§ WORK REQUIRED
Restate all data exactly. No images.

SOURCE DATA section start

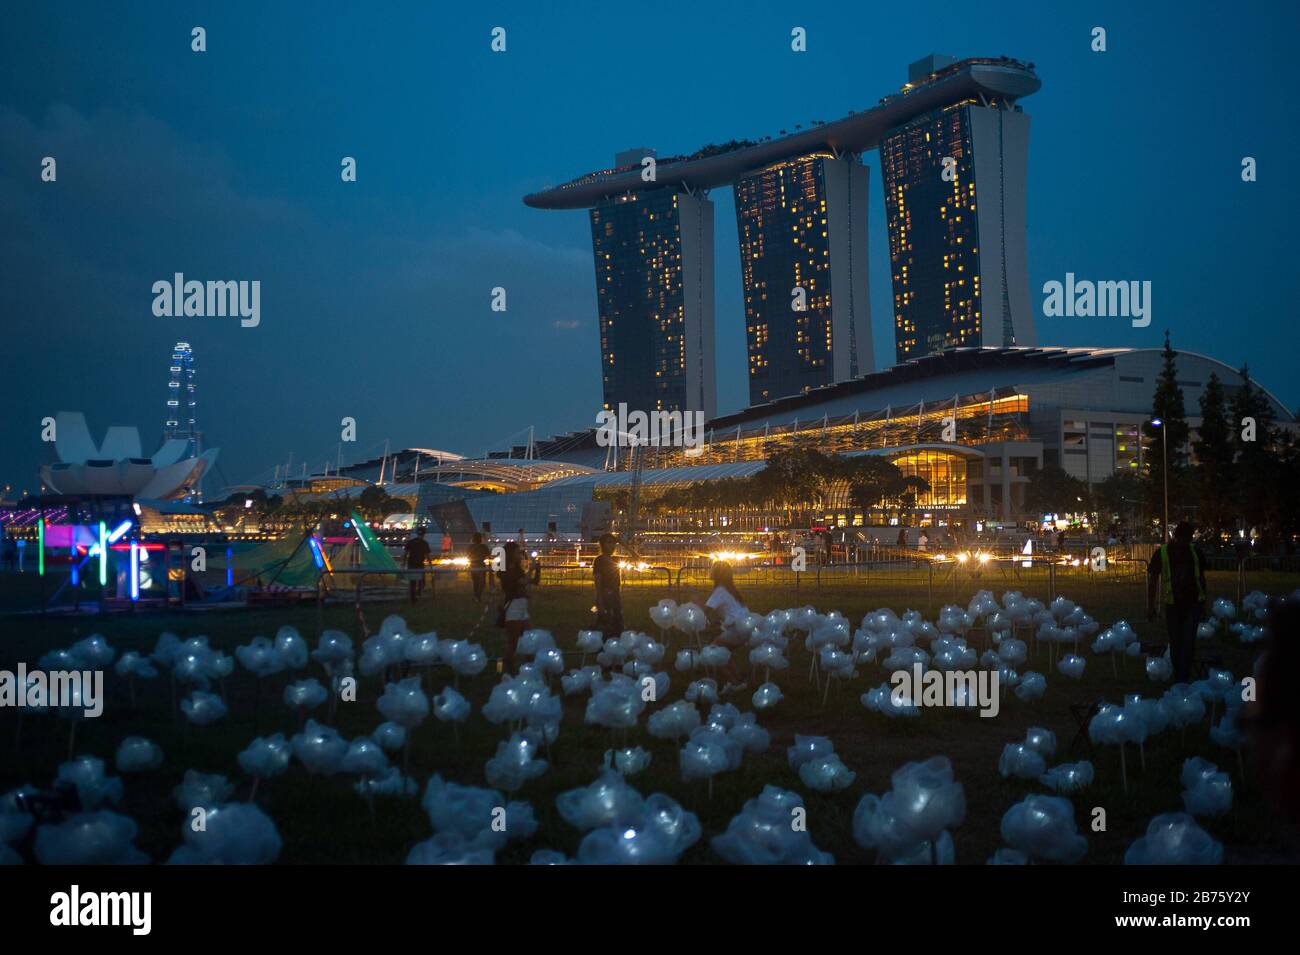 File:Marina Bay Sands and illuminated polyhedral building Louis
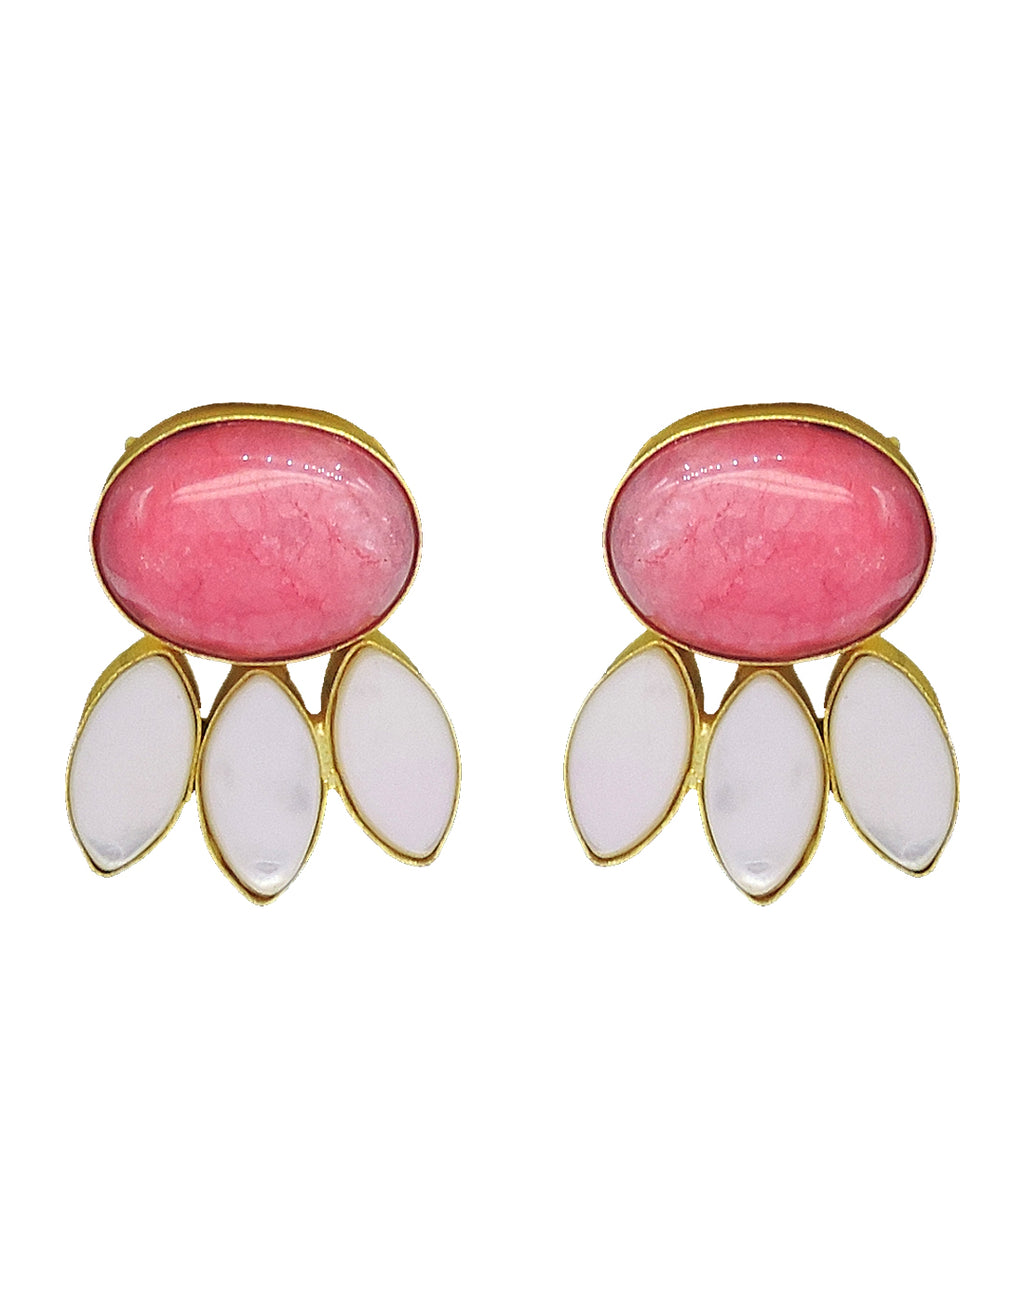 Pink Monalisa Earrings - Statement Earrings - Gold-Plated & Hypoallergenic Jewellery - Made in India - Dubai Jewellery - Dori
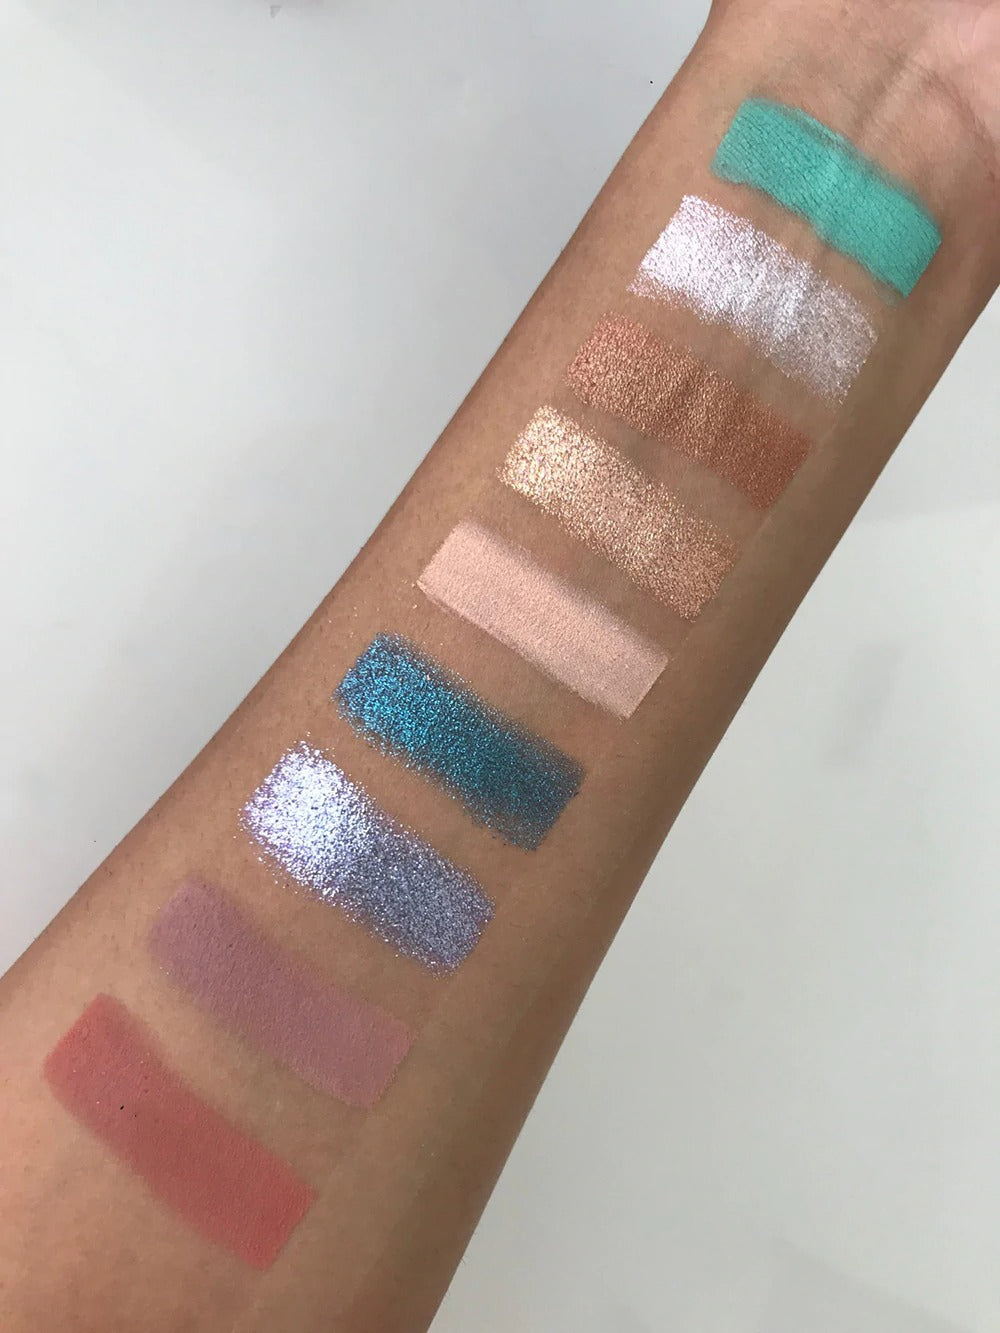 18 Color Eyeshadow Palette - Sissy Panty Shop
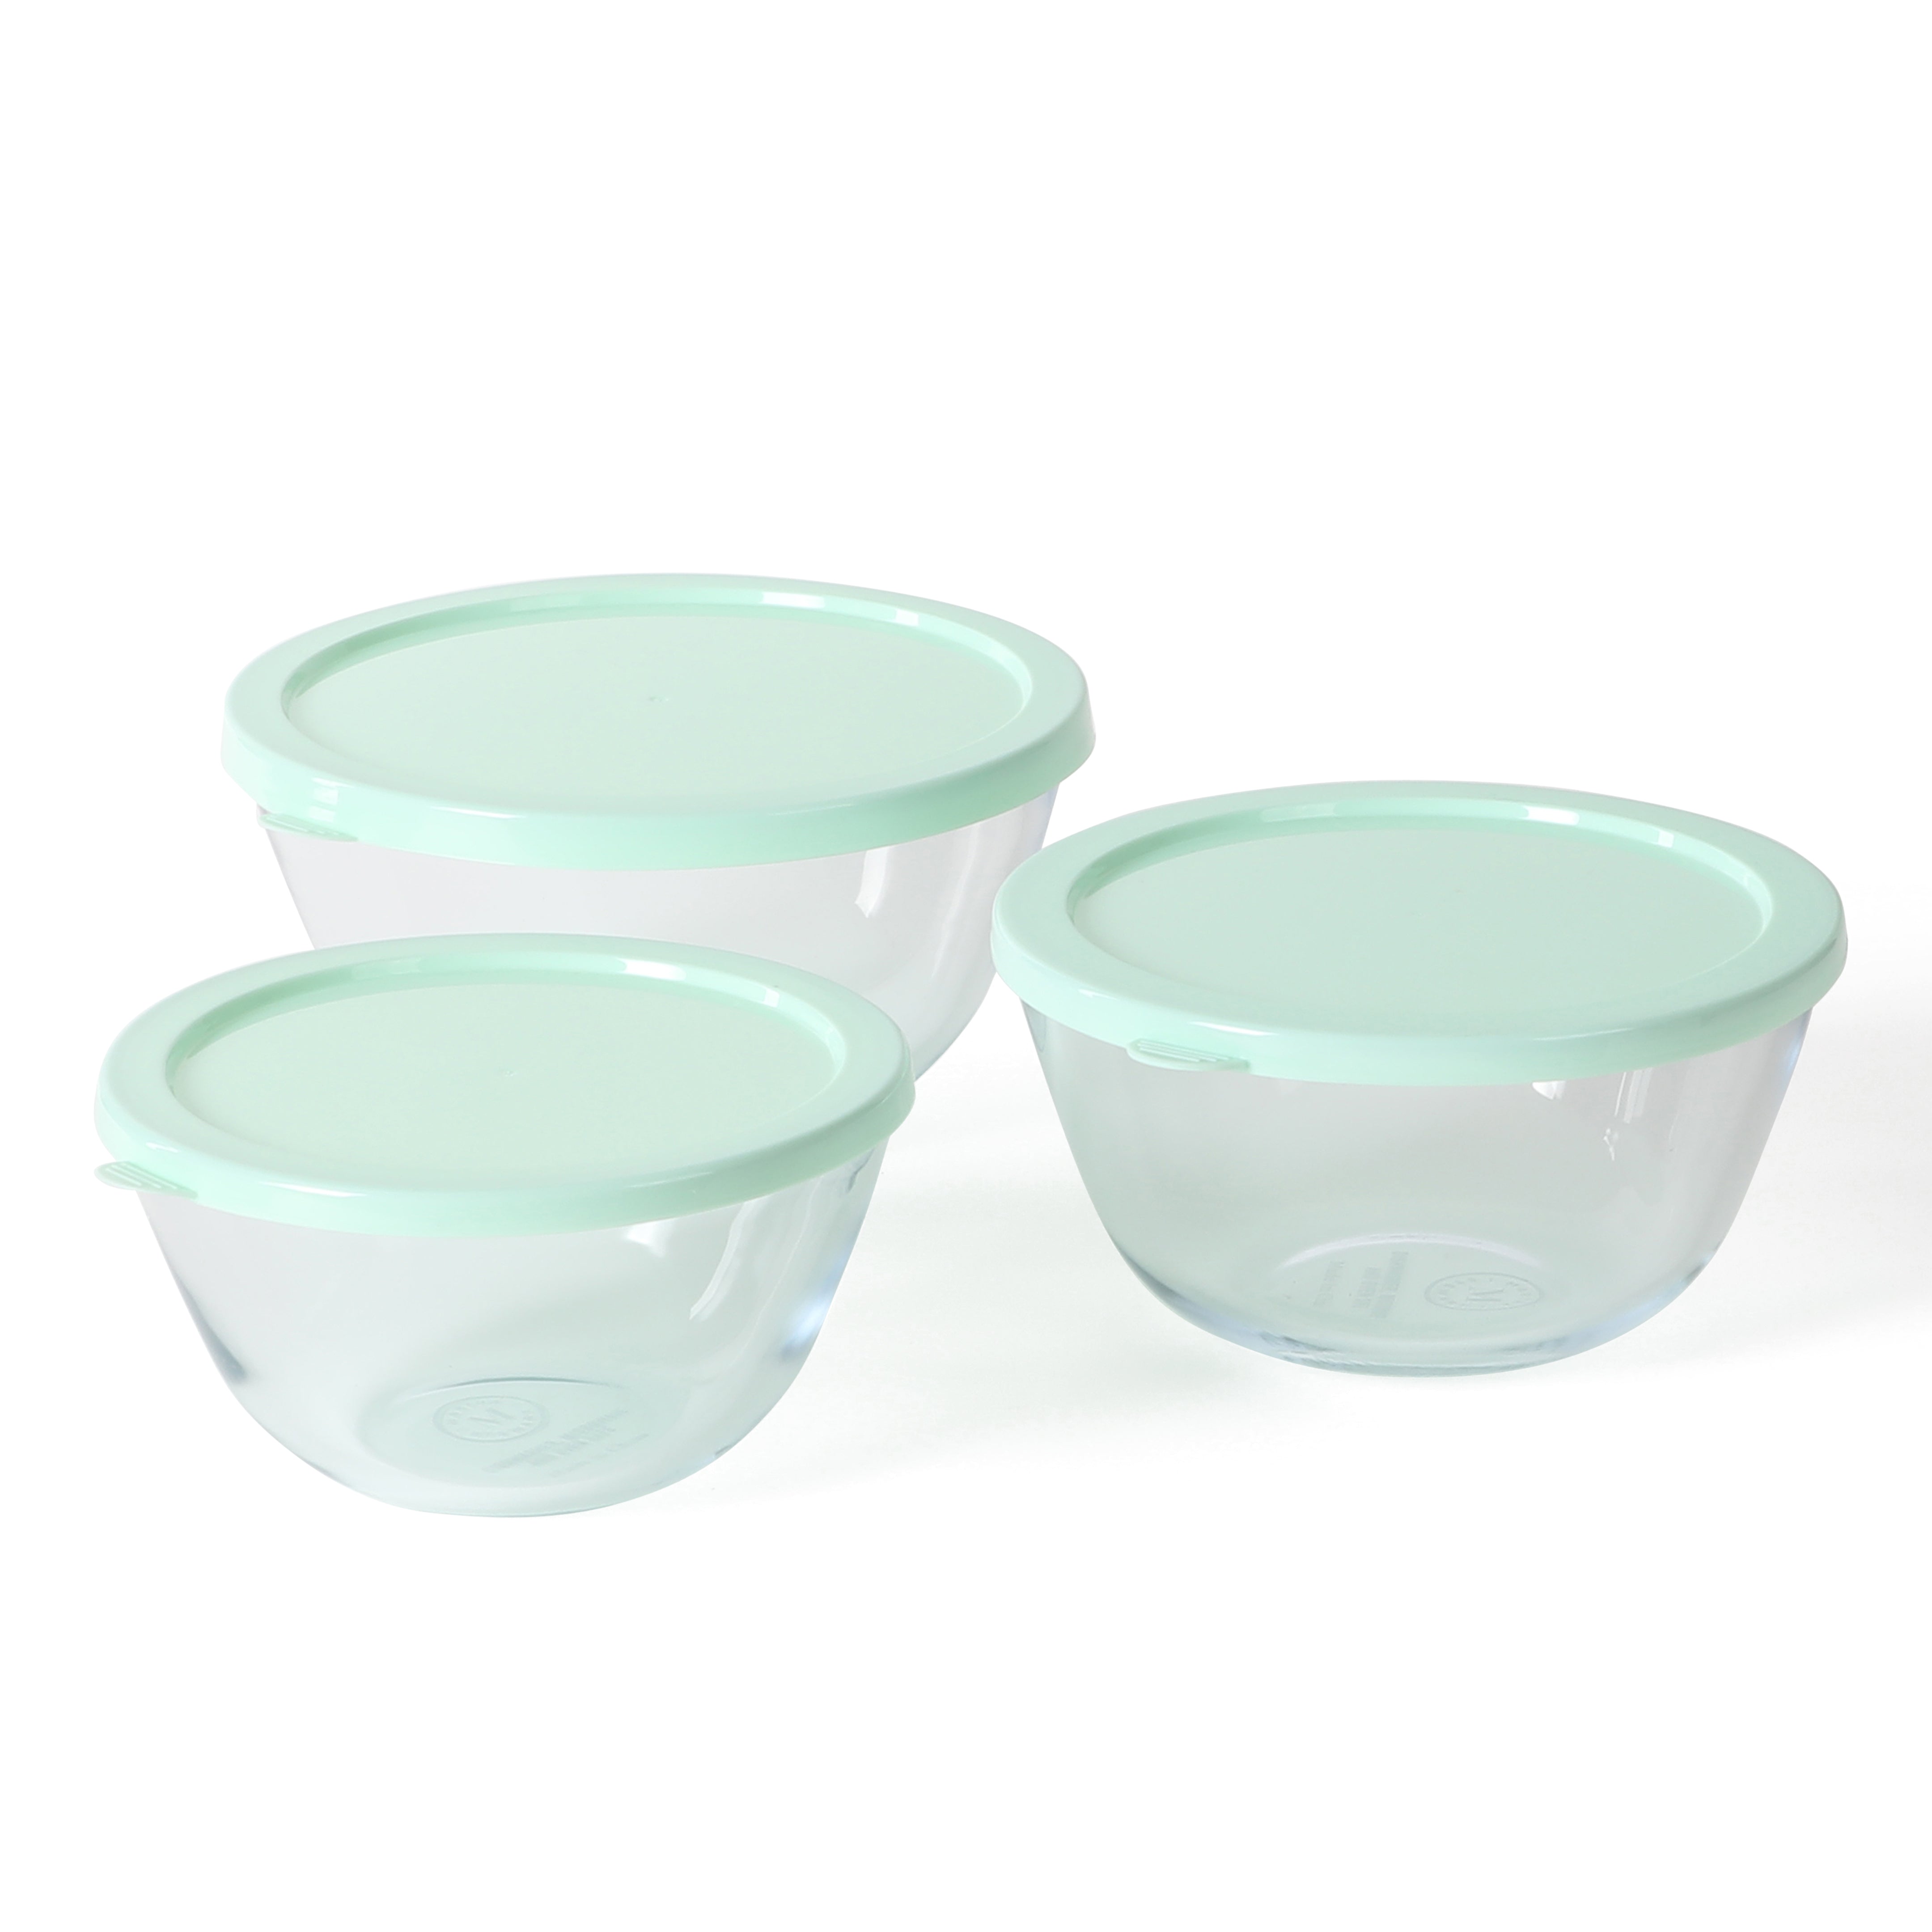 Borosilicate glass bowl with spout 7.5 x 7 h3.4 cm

SOURCE DATA section end

§ EXPECTED OUTPUT
 File:Marina Bay Sands and illuminated polyhedral building Louis
 Pink Monalisa Earrings - Statement Earrings - Gold-Plated & Hypoallergenic Jewellery - Made in India - Dubai Jewellery - Dori
 18 Color Eyeshadow Palette - Sissy Panty Shop
 Borosilicate glass bowl with spout 7.5 x 7 h3.4 cm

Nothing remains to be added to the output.